Kitobni o'qish: «Гашиш – зелье Востока»

Shrift:
 
«Гашиш»… Эту повесть не я сочинил.
Она родилась на Востоке,
Я лишь самородок-алмаз огранил,
И блеск ему дал огнеокий.
Пройдут в ней событья чреда за чредой,
Так в путь же смелее, читатель, со мной.
 
Густав ГриммI

© Л.И. Моргун. Литобработка, редактирование, примечания, 2018

© ООО «Остеон-Групп». 2018

* * *
I

В Алжире, в горах Сбаха, на берегу озера Мурин, давно, в далёкие времена жил знаменитый и мудрый человек. Он звался Акбаром и принадлежал к племени кабилов, сильному, дикому и мужественному народу, обитавшему в горах и превыше всего ценящему свободу; этот народ сам выбирал себе вождей. Слава Акбара была так велика, что однажды он был избран вождём, или амином. Долгие годы управлял Акбар своим народом с мудростью и справедливостью, не тяготясь своими заботами, без пристрастия и корыстолюбия, и кабилы привыкли ценить, любить и уважать своего правителя.

Слава о его мудрости распространилась так далеко, что даже губернатор соседнего испанского владения Орана, гордый испанский гранд, не гнушался амина Акбара и во многих случаях просил его мнения или его совета.

Однажды весною Мираб, так же как и Акбар, благородный вождь соседнего арабского племени, пришёл к дому Акбара в сопровождении только одного слуги, который постучался в ворота. Вождь, или, по арабскому названию, каид Мираб был принять Акбаром со всеми знаками уважения и внимания, какие предписывало восточное гостеприимство.

После того, как оба мужа оказали друг другу должное приветствие, Акбар усадил своего гостя на мягкие, шелковистые ковры и спросил:

– Какой счастливой случайности обязан я высокому посещению моего дома каидом Мирабом? А что твоё прибытие ко мне счастливо, я вижу по выражению твоего лица, мой дорогой гость.

Каид с улыбкою погладил свою длинную белую бороду и ответил:

– Предчувствие не обманывает тебя, амин Акбар, – обстоятельство чрезвычайное и счастливое из счастливых привело меня к тебе.
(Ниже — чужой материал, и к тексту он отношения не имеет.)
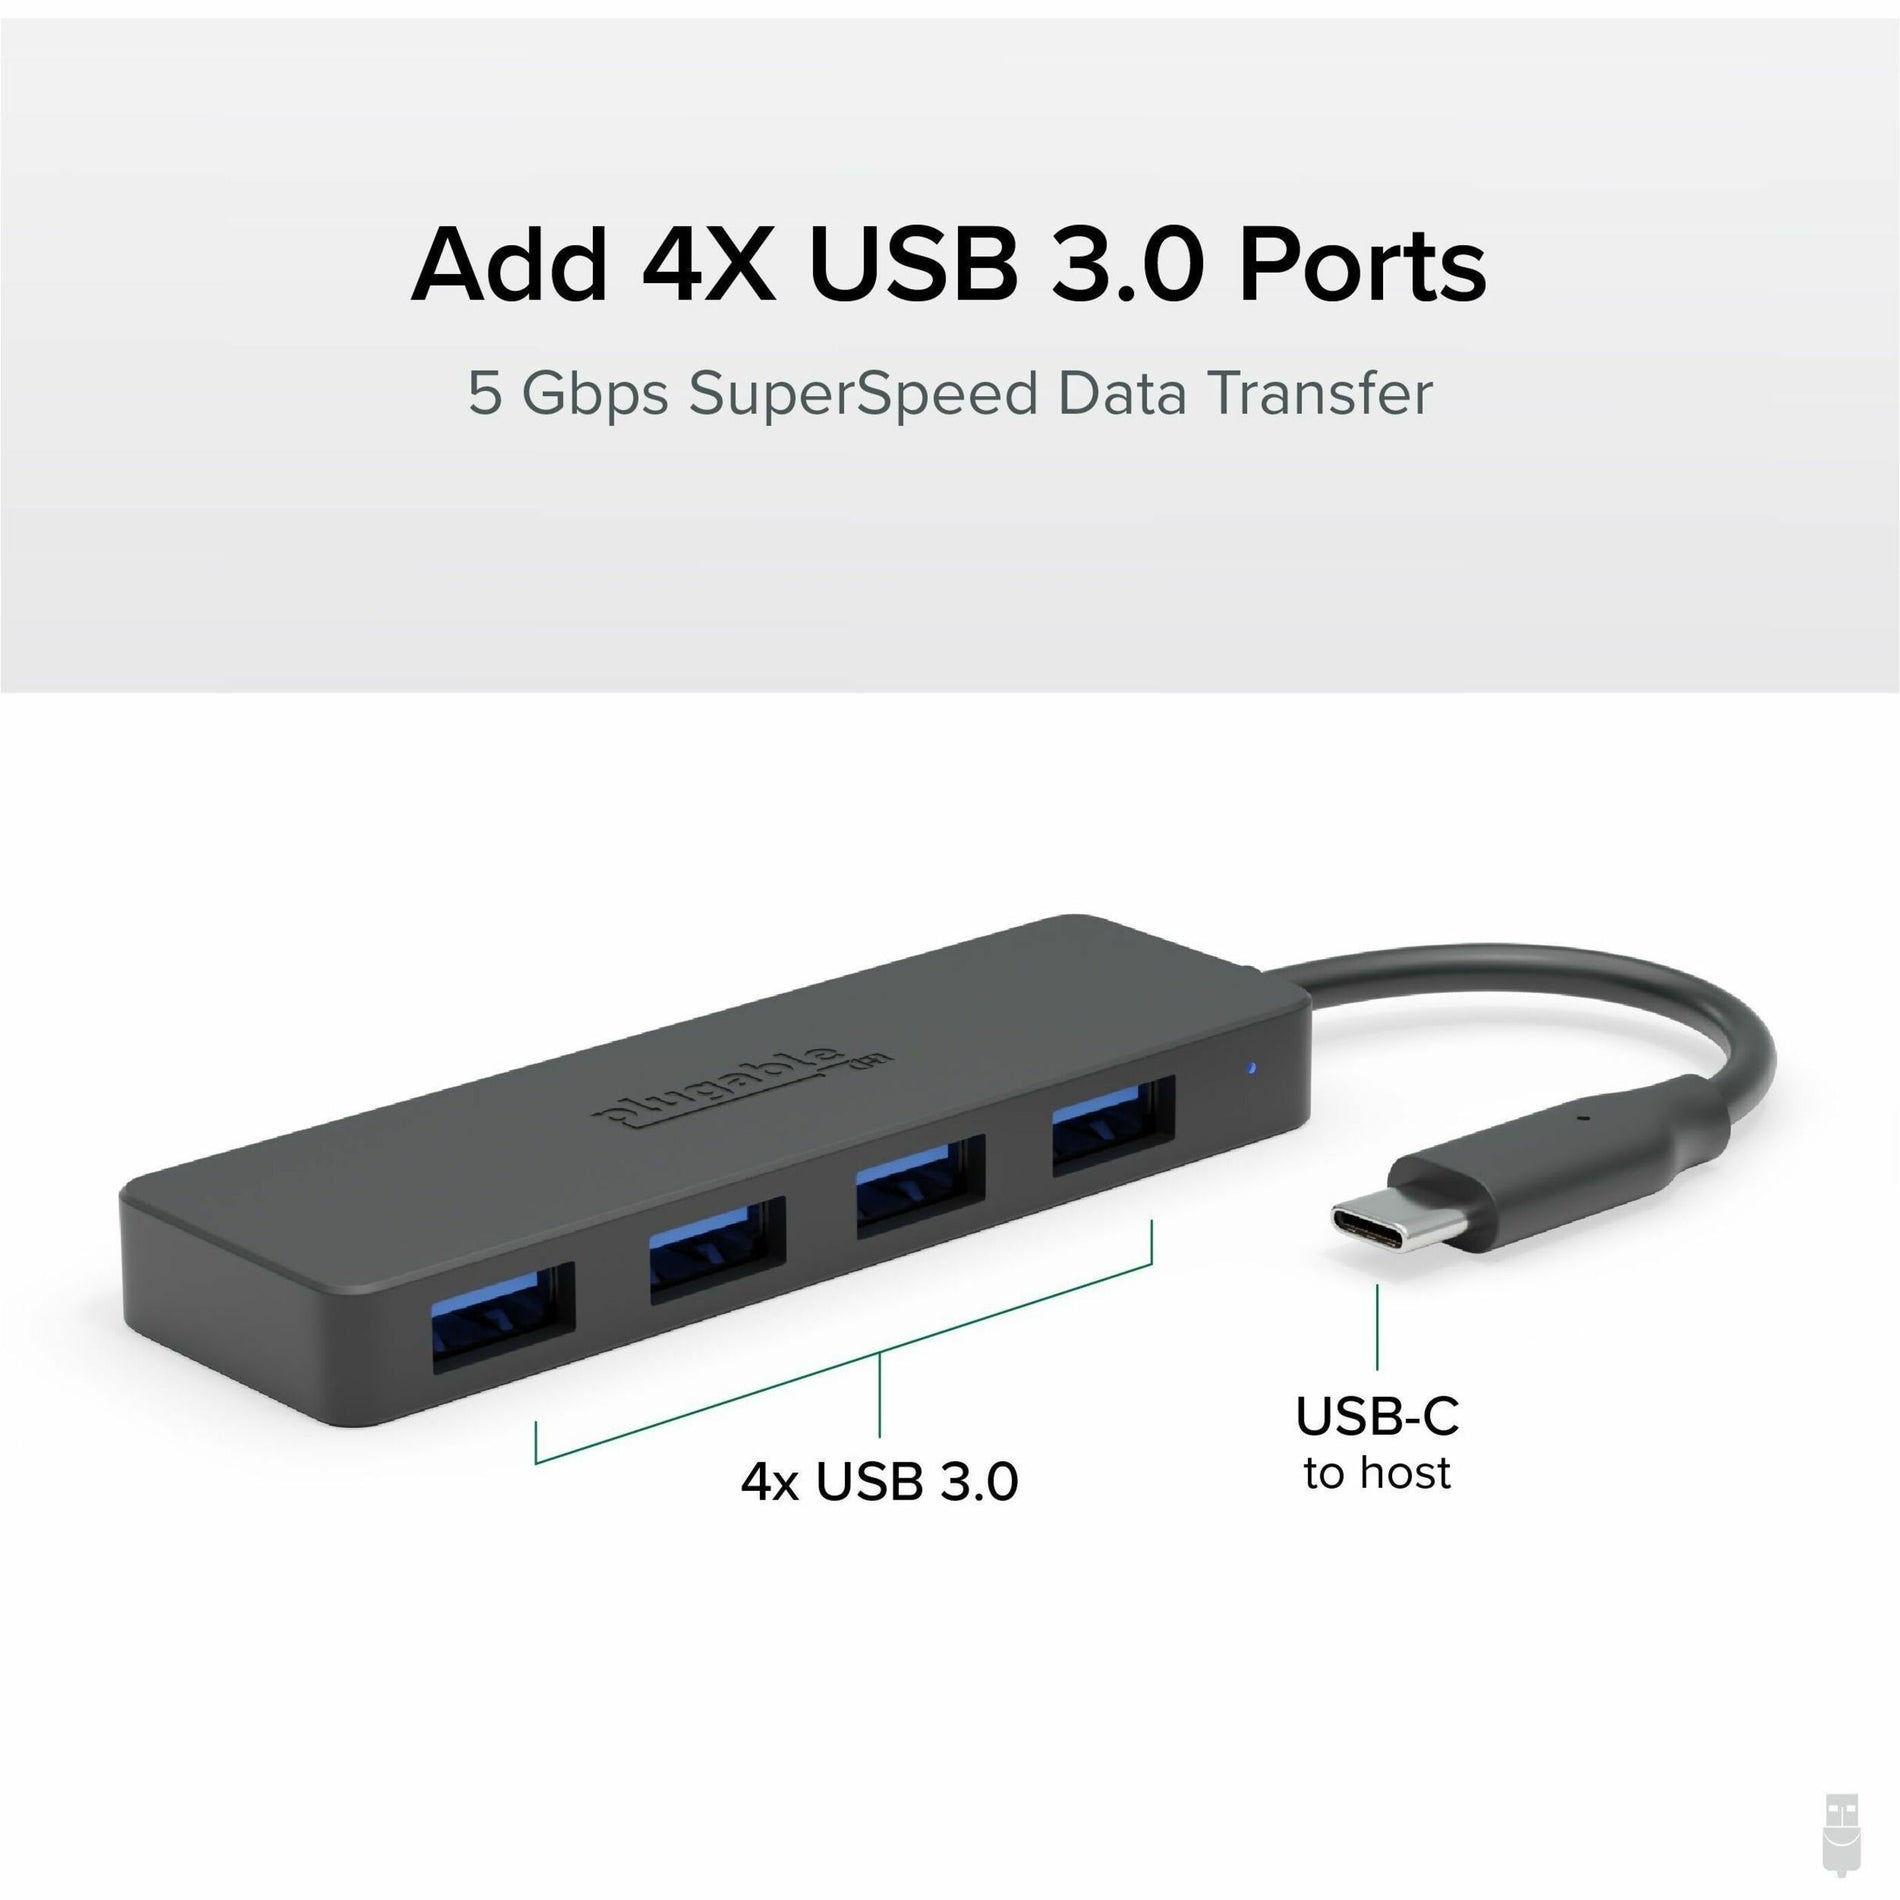 Plugable USBC-HUB4A USB-hub 4 USB 3.0-poorten zwart.

От всего сердца я верю, что оно счастливо для нас обоих: не можешь ли ты, мудрец, догадаться, что это такое?

– Я не знаю, – ответил Акбар; – я большой любитель трудных задач, но ведь ты не задаёшь мне загадки.
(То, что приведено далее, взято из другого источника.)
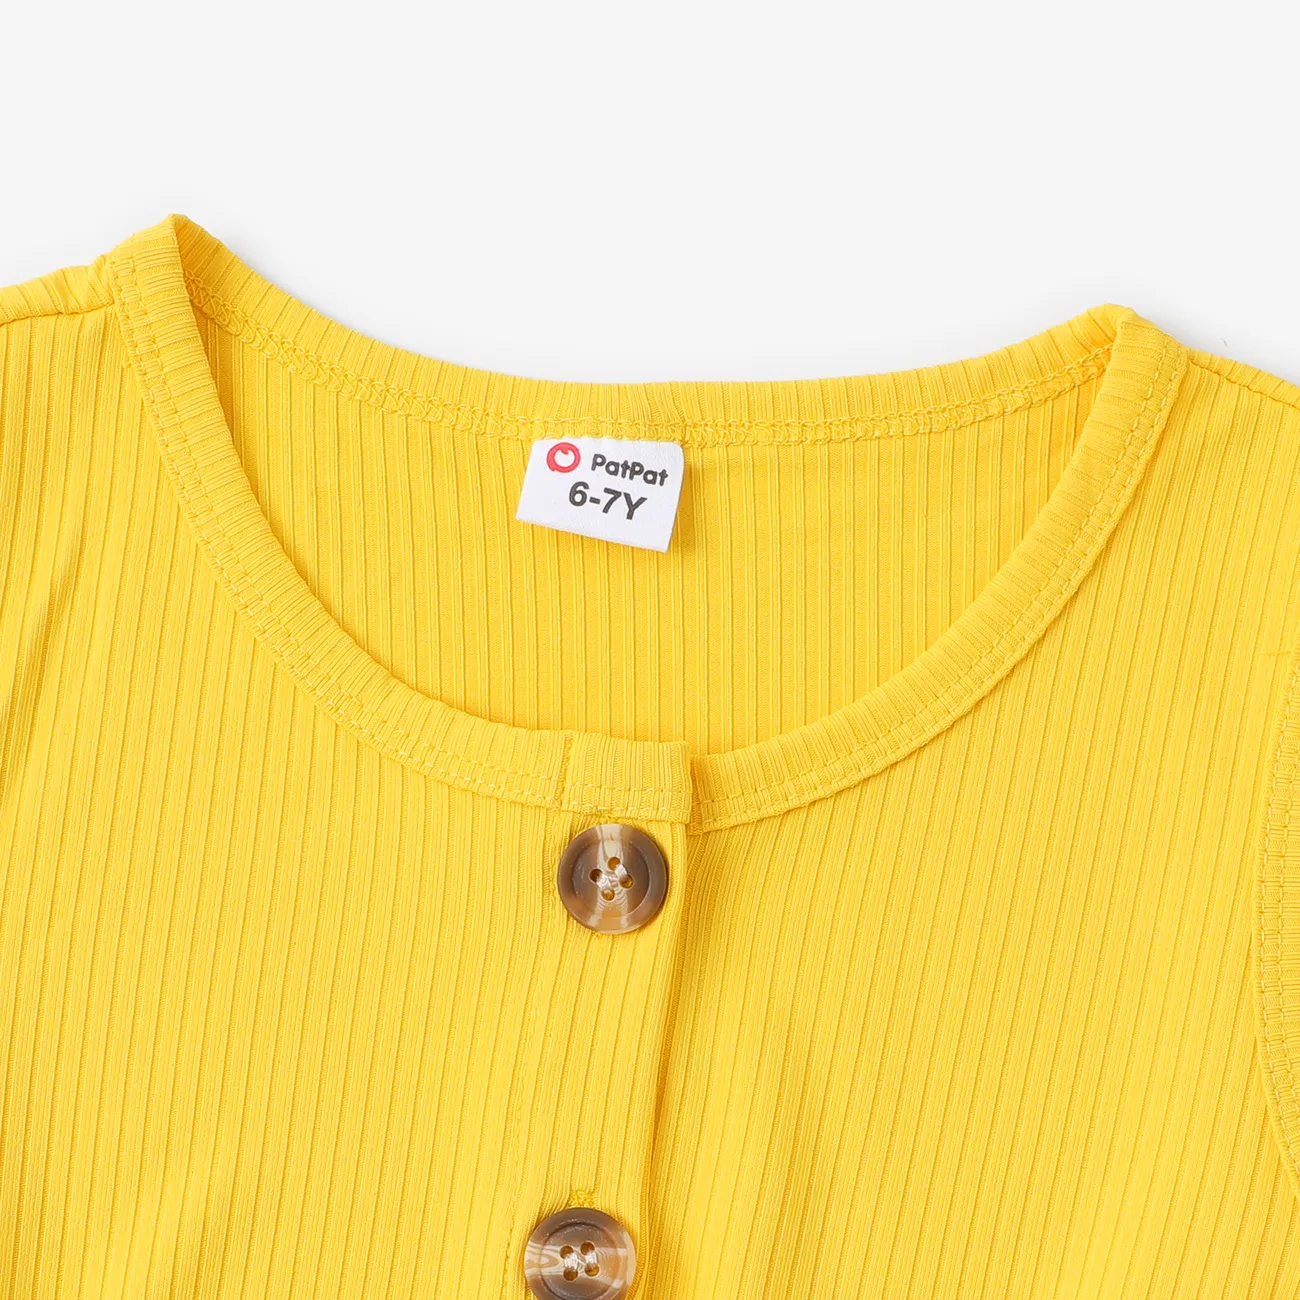 2 件兒童女孩花卉印花羅紋拼接鈕扣設計無袖束帶連身衣 黃色 big image 1

– Хорошо, – сказал араб; – тогда я расскажу тебе историю.

– Отлично, – проговорил Акбар; – я также любитель и хороших историй. Рассказывай, рассказывай.
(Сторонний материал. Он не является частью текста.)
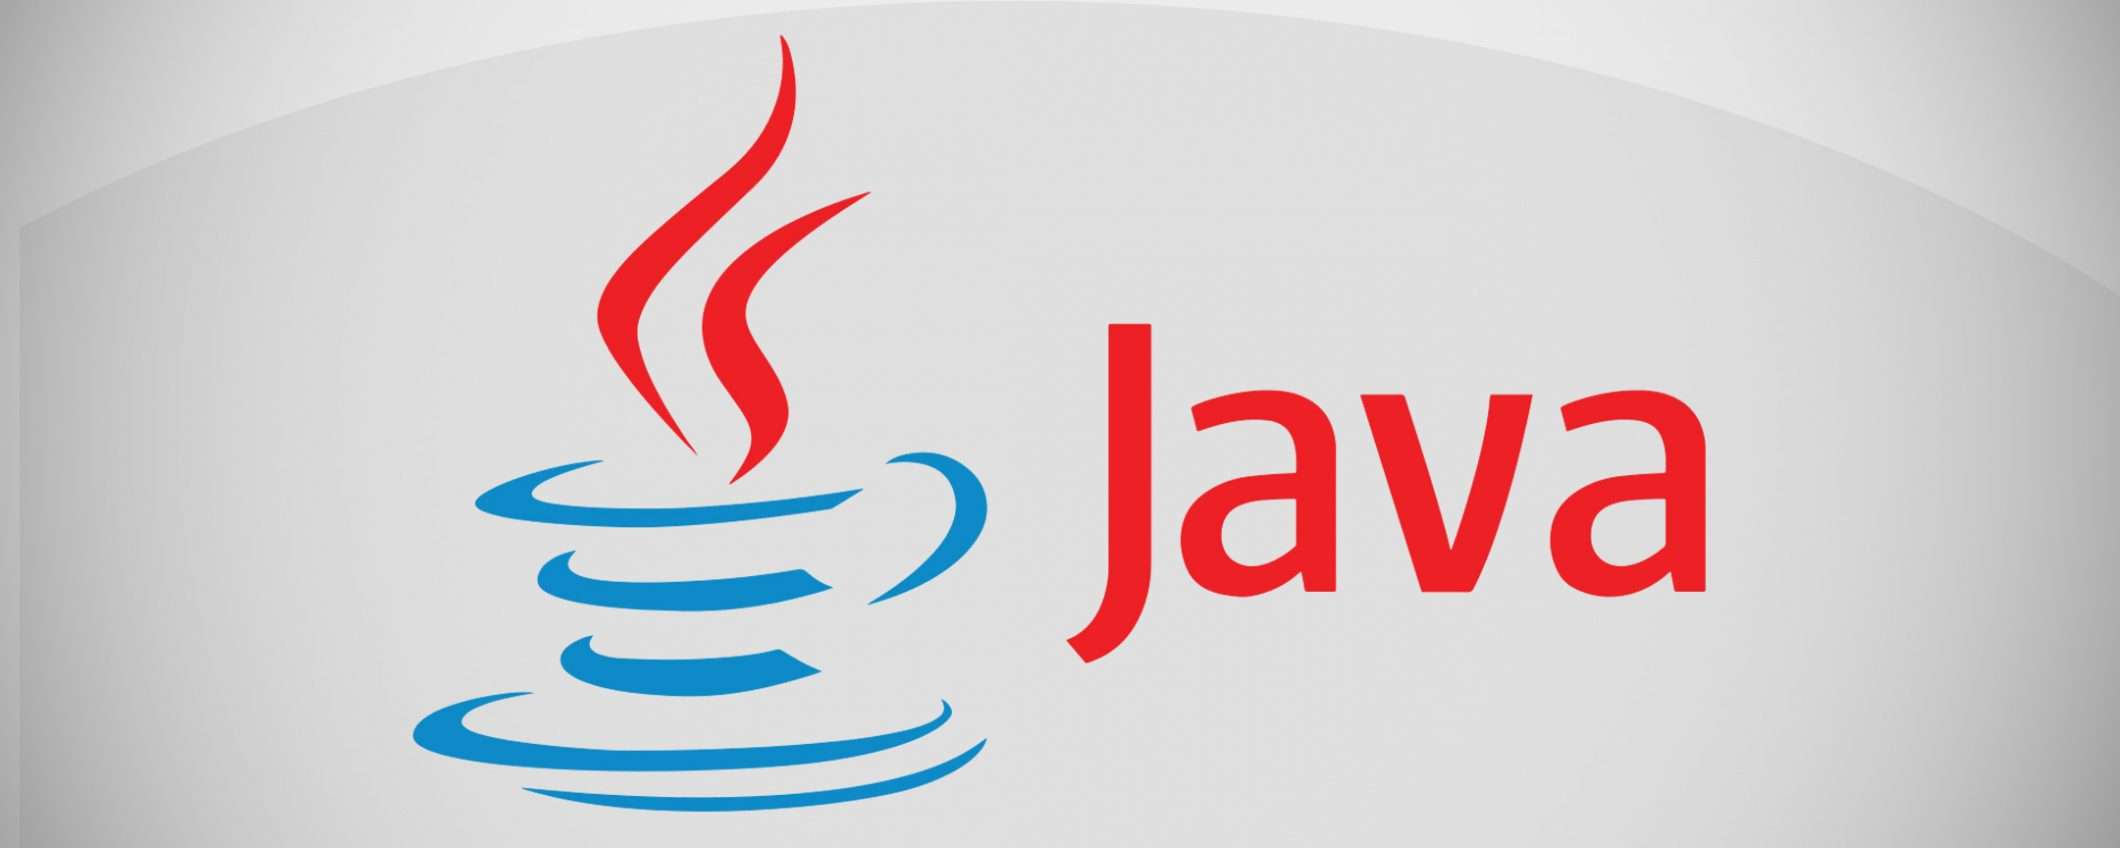 Oracle annuncia Java 14, oggi la release

– Постарайся найти её хорошей, когда я дойду до конца. Итак, слушай.

Каид начал свой рассказ.

– Среди арабского племени находится одна прелестная, добрая и умная девушка. Она живёт под бдительным присмотром в роскошных шатрах её отца, который любит её и хранит, как зеницу ока. Она резвится в них, предаваясь невинным играм, зная о жизни только из сказок и рассказов. Верная служанка, её неустанная Шехерезада, рассказывает ей их. От неё узнает она о чужих землях, далёких народах, о любви и военных подвигах. И девушка с горящими от любопытства глазами следит за полётом прихотливой фантазии, раскрывающей перед ней дивные картины, неведомую ей жизнь… Так продолжалось долго, пока она не познакомилась однажды с прекрасным и благородным юношей, единственным сыном своего отца, который стал часто видеться с нею, уезжая как будто на охоту.

Рассказчик остановился.

– Ну, что же? Дальше! – воскликнул Акбар, любопытство которого было затронуто.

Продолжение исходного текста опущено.